SpatialDINO

Native 3D vision transformer self-supervised on unlabeled fluorescence microscopy volumes, segmenting subcellular structures without voxel labels.

Released: December 2025

SpatialDINO is a self-supervised 3D vision foundation model for fluorescence microscopy, developed in Tom Kirchhausen's laboratory at Harvard Medical School and released as a preprint in December 2025. It tackles a persistent bottleneck in volumetric bioimage analysis: deep-learning models for detecting, segmenting, and tracking subcellular structures in 3D typically require dense, manually drawn voxel annotations, which are extraordinarily labor-intensive to produce and tie a trained model to the specific object classes it was supervised on. SpatialDINO sidesteps this by learning general-purpose 3D representations from unlabeled microscopy volumes alone.

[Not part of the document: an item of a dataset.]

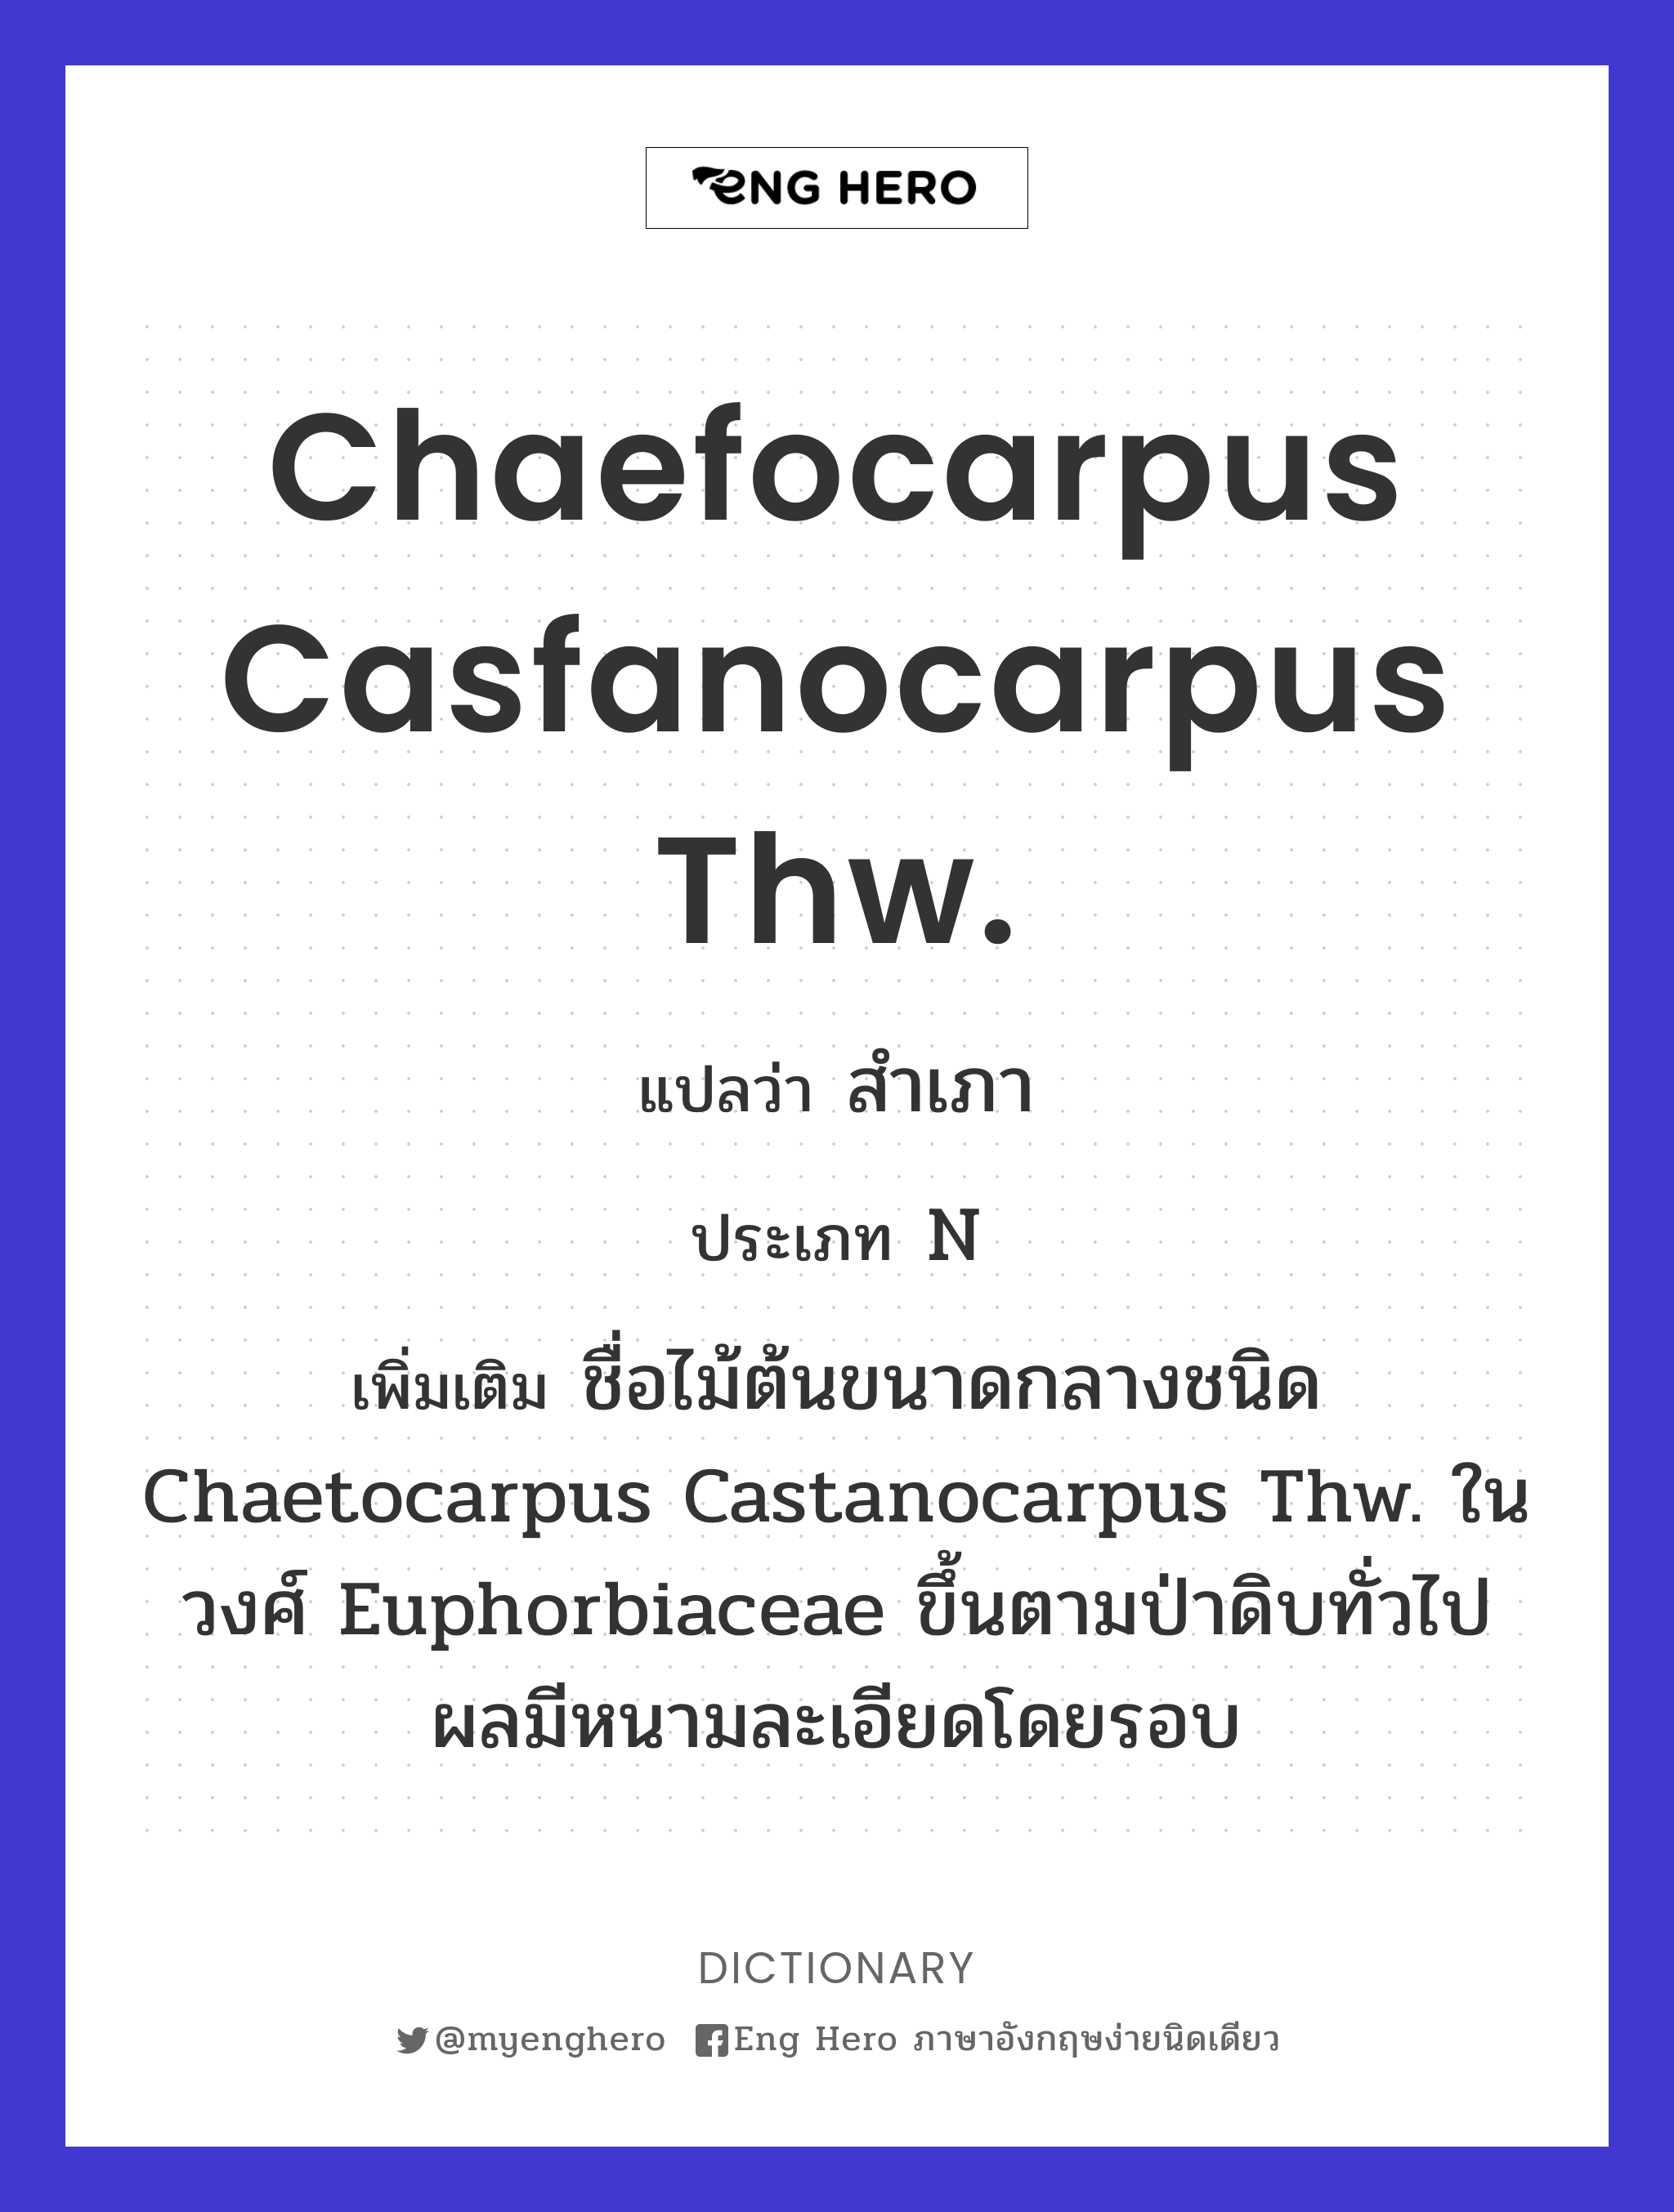 Chaefocarpus casfanocarpus Thw.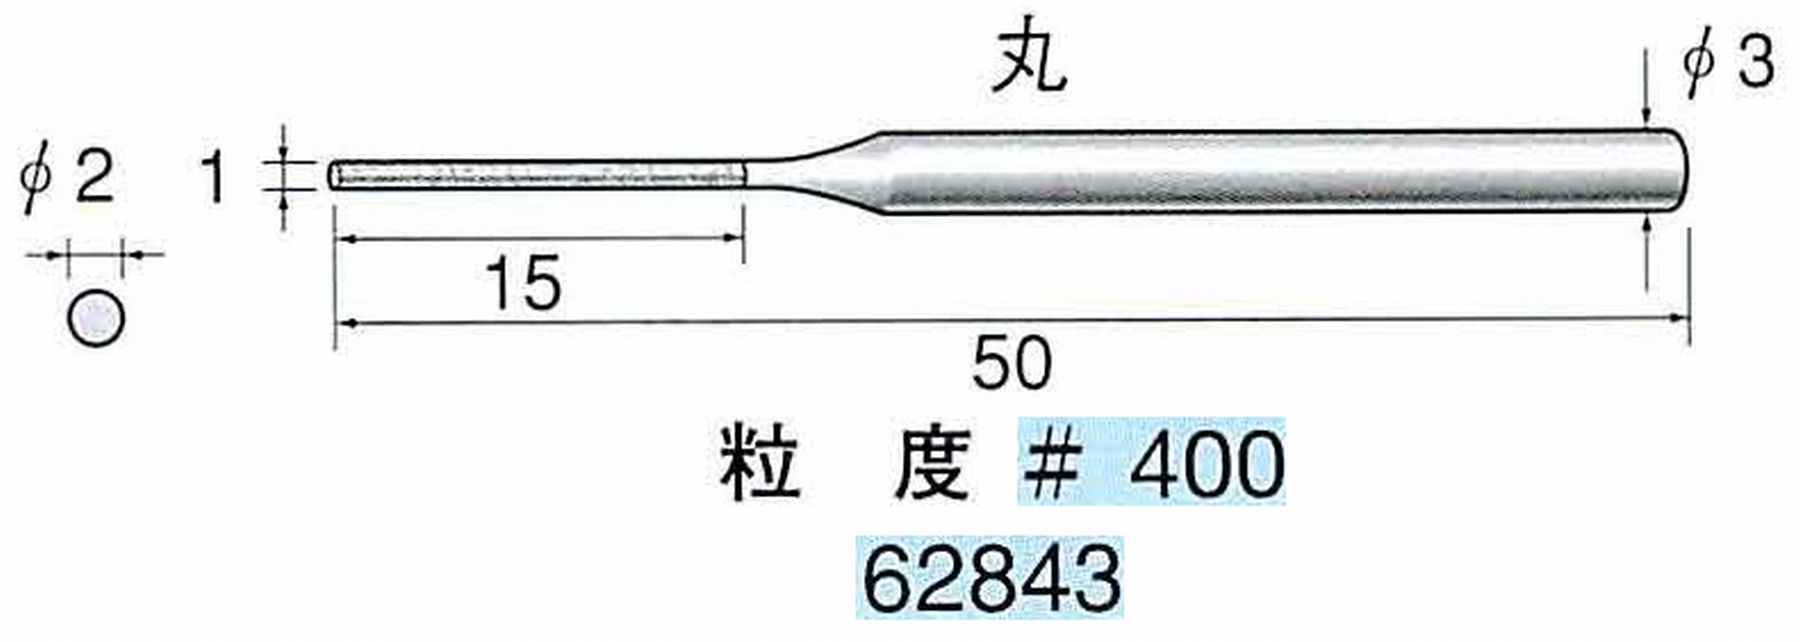 ナカニシ/NAKANISHI 電着ダイヤモンドヤスリショートタイプ 丸 62843

The model adapts the DINOv2 self-supervised learning framework into a native 3D vision transformer that operates directly on image volumes rather than slice-by-slice. By training on raw, unannotated fluorescence microscopy data, SpatialDINO learns features that capture the geometry and appearance of subcellular structures without ever being told what those structures are. The central claim of the work is generalization: a single pretrained model transfers to object classes it never saw during training — including plasma membranes, nuclei, and even tumors in MRI volumes — without any retraining or voxel-level labels.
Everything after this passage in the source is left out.